В интересе к личности Вяземского, в создании Н. С. Лесковым в 80-е годы цикла «Праведники», в распространении учения Л. Н. Толстого и других явлениях духовной жизни эпохи видна реакция на один из основных постулатов позитивизма, сформулированный О. Контом: «Для него (положительного мышления) человек в собственном смысле слова не существует, существовать может только человечество, так как всем нашим развитием, в каком бы отношении его не рассматривать, мы обязаны обществу»3. В религиозно-философских исканиях Н. С. Лескова, Л. Н. Толстого, в публицистике М. О. Меньшикова акцент был сделан на личности, ее свободе в выборе добра и зла, на ее «индивидуальных нравственных качествах».
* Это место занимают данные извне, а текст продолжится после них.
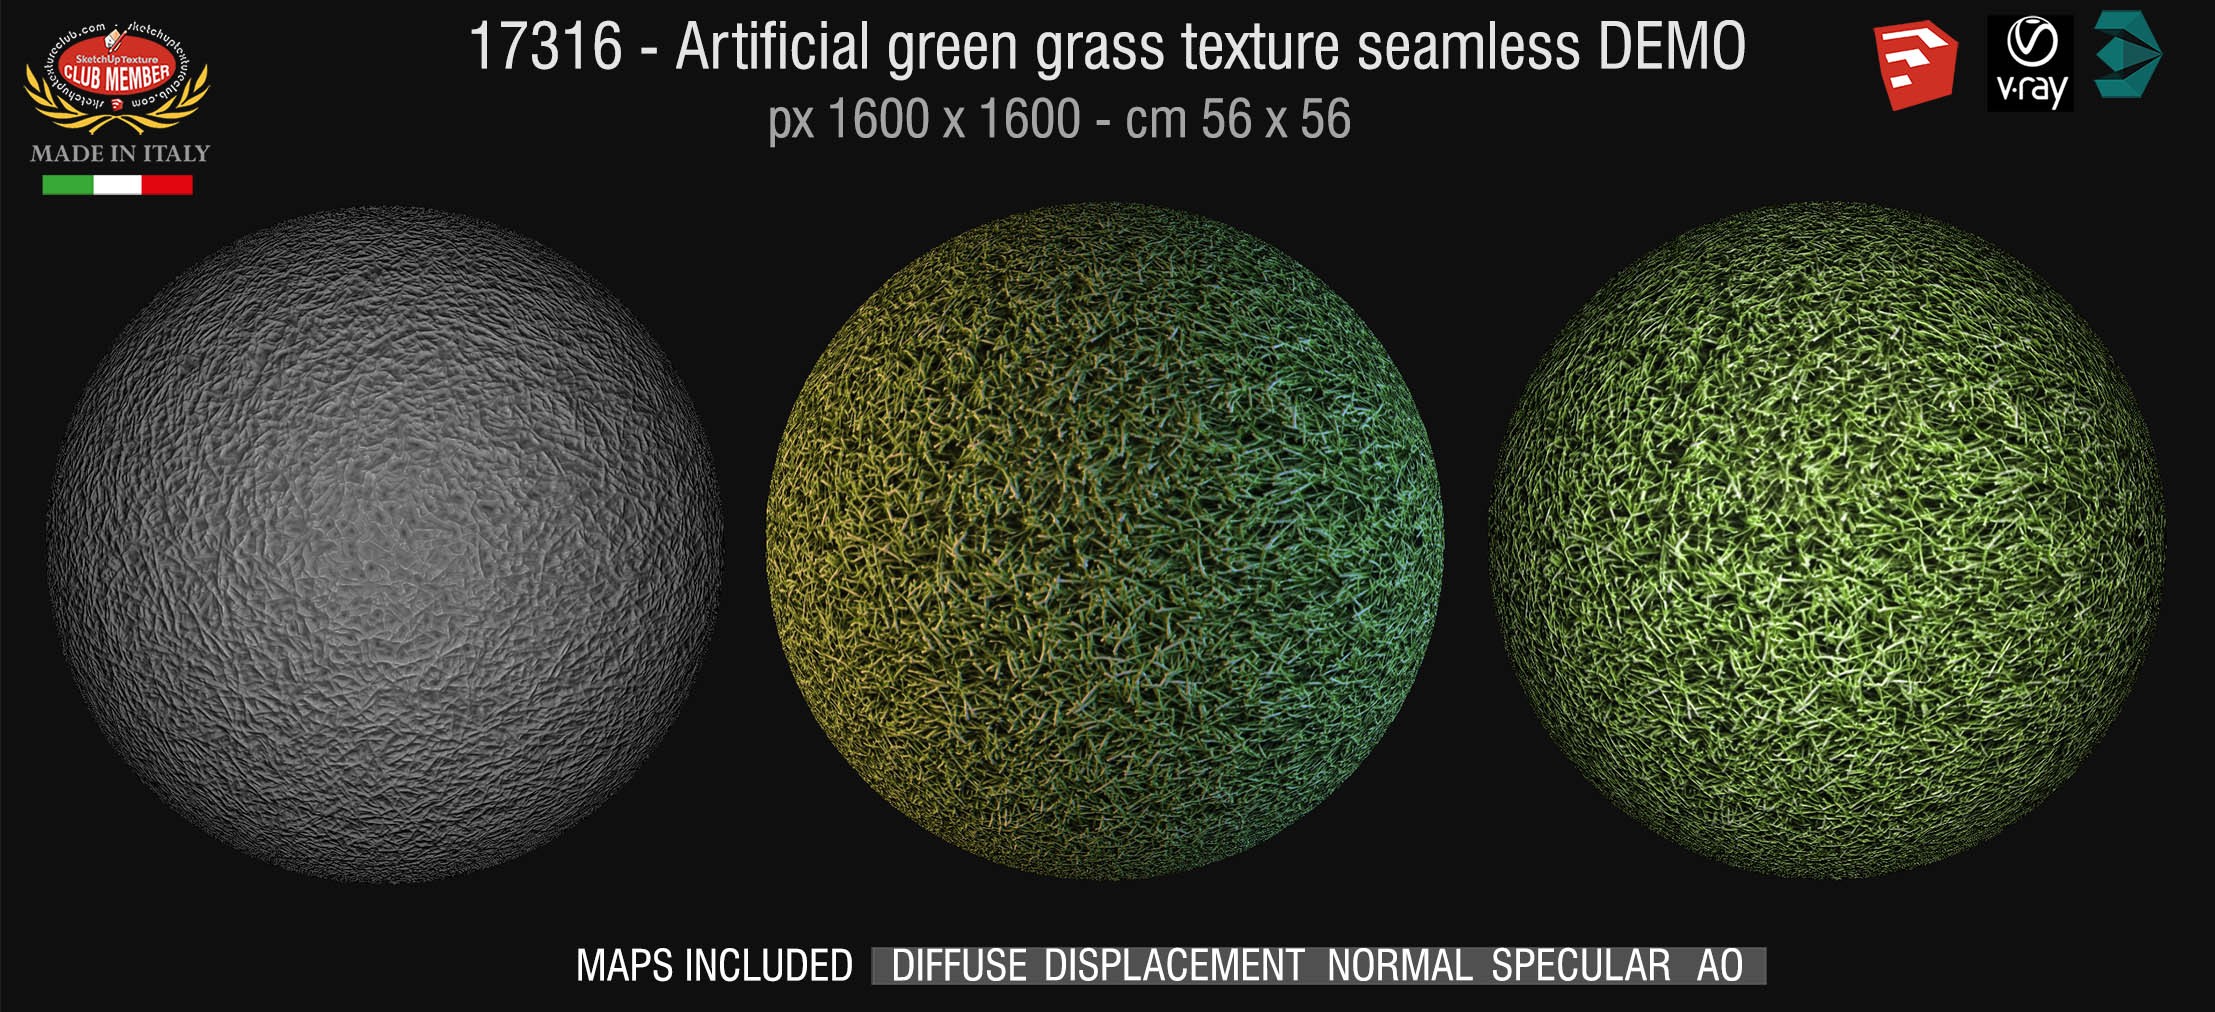 17316 HR Artificial green grass texture + maps DEMO

Говоря об архетипе праведника у Чехова, необходимо сделать поправку на особенности характерологии. Чехова никогда не интересовали, в отличие от Тургенева, например, злободневные общественные типы. Если подходить к героям Чехова с этой позиции, то закономерными становятся упреки в недорисованности, недосказанности, в противоречивости, в отсутствии должных мотивировок и т.д., что и делали критики-современники. Как правило, в центре у Чехова оказываются не типы, а ситуации экзистенциального характера, связанные с родовым, в том числе религиозным, опытом человека. Видеть в Мисаиле тип «толстовца», «опрощенца» было бы ошибкой. Ставя героя в ситуацию праведничества, Чехов раскрывает не столько его моральные качества, или его «подвиг», сколько человеческое содержание, достоинство человека в жизни-страдании. При этом в ситуации-архетипе опыт героя именно индивидуальный, он не может ничему научить другого. Образ праведника строится Чеховым не на основе одного культурного типа, а на пересечении разных эйдосов, он строится как отношение между ними.

Помимо аллюзий, связанных с Вяземским (уход, опрощение), в повести даны скрытые цитаты из Т. М. Бондарева и Л. Н. Толстого.
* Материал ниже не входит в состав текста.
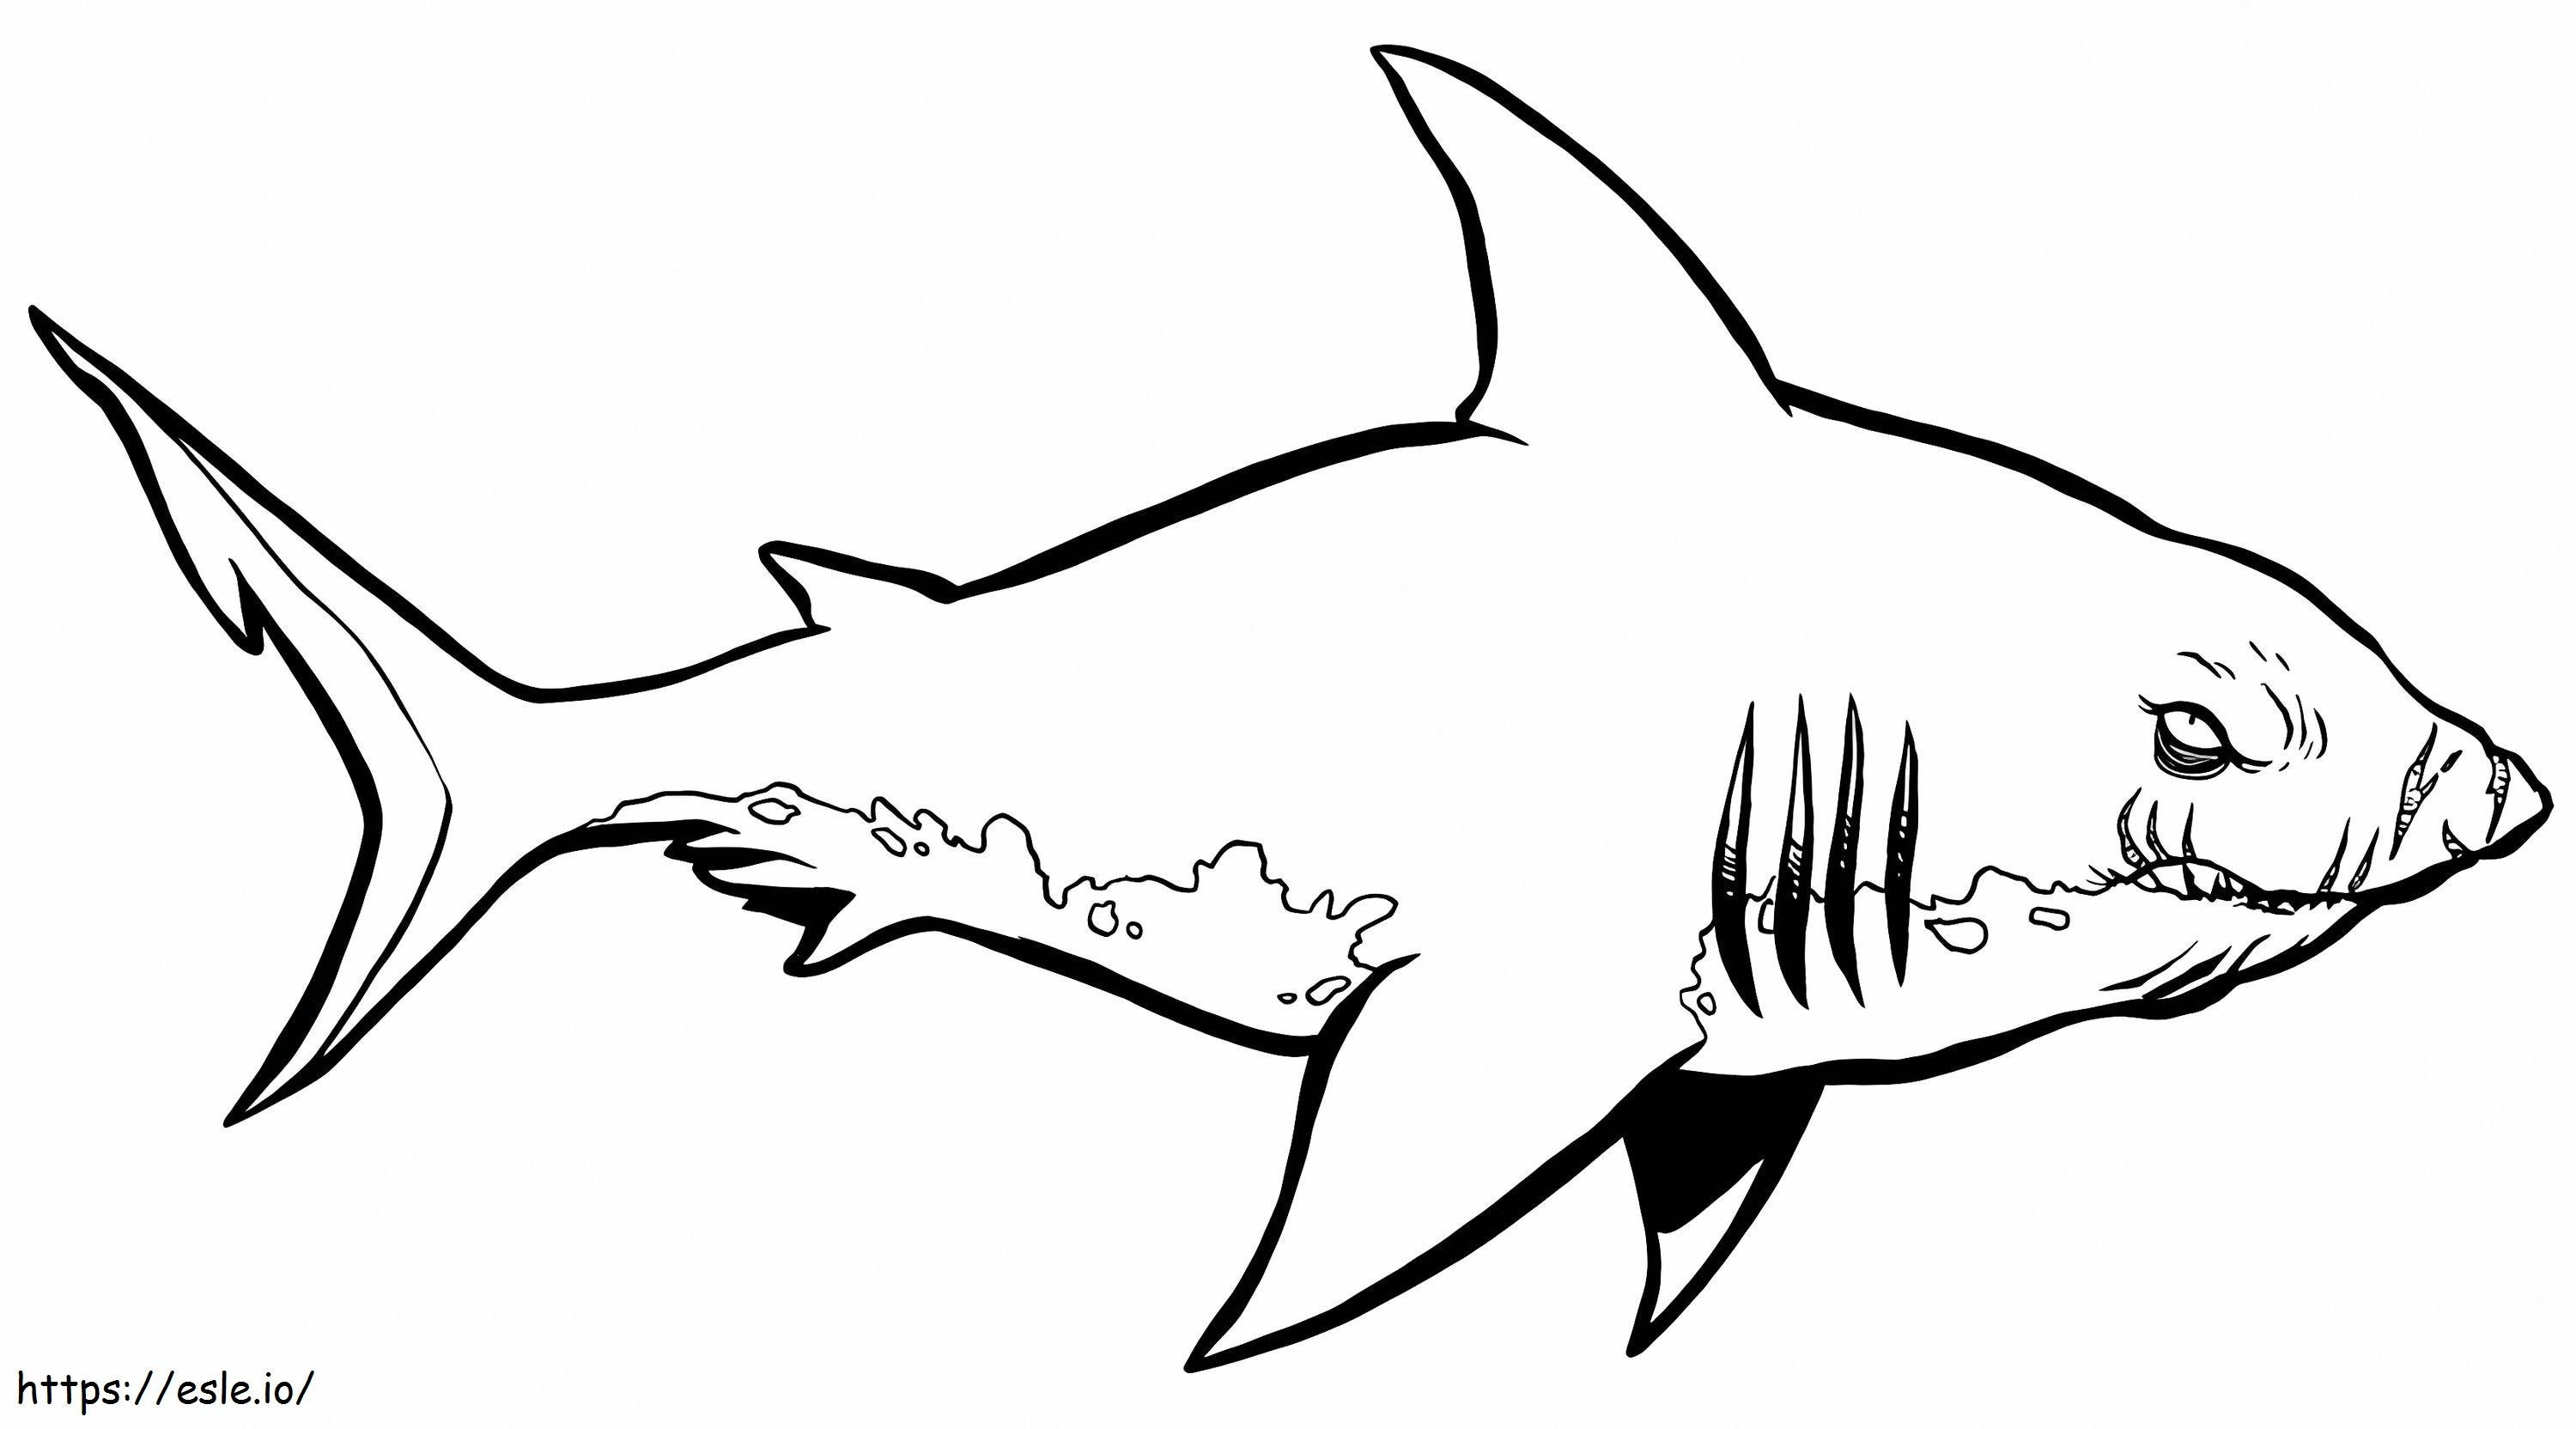 Coloriage 1541379158_Shark Images à colorier livre de coloriage requin requin marteau Clipart livre de coloriage crayon corbeaux à imprimer dessin

«Деревенские» сцены «Моей жизни» - иронический комментарий Чехова к книге Бондарева «Трудолюбие и тунеядство или торжество земледельца» и к толстовской идее опрощения. Вместе с тем особенность интертекста у Чехова заключается в отсутствии прямых цитат. «Романист-художник должен проходить мимо всего, что имеет временное значение», - писал он (П., 5, 13). Чехов маркирует героя, но герой все время оказывается внутренне противоречивым, не укладывающимся в прокрустово ложе тех или иных идей, того или иного культурного типа.

Мисаил Полознев праведник не по Толстому, не по Бондареву. И с ортодоксально-церковной точки зрения он не всегда поступает так, как должно праведнику. Он несправедлив в отношении к отцу, к городу. Чеховское понимание праведничества включает обретение человеком и отстаивание им своей правды, его внутреннее достоинство и свободу.

Поэтому Чехов переосмысливает традиционный для агиографий мотив ухода. И в русской литературе праведничество связывалось с уходом героя, его странничеством. Становятся странниками Макар Долгорукий в «Подростке» Достоевского, герой «Очарованного странника» Лескова, отец Сергий в одноименной повести Толстого и т.д. У Чехова же праведники не те, кто уходят от мира, а те, кто остаются в нем.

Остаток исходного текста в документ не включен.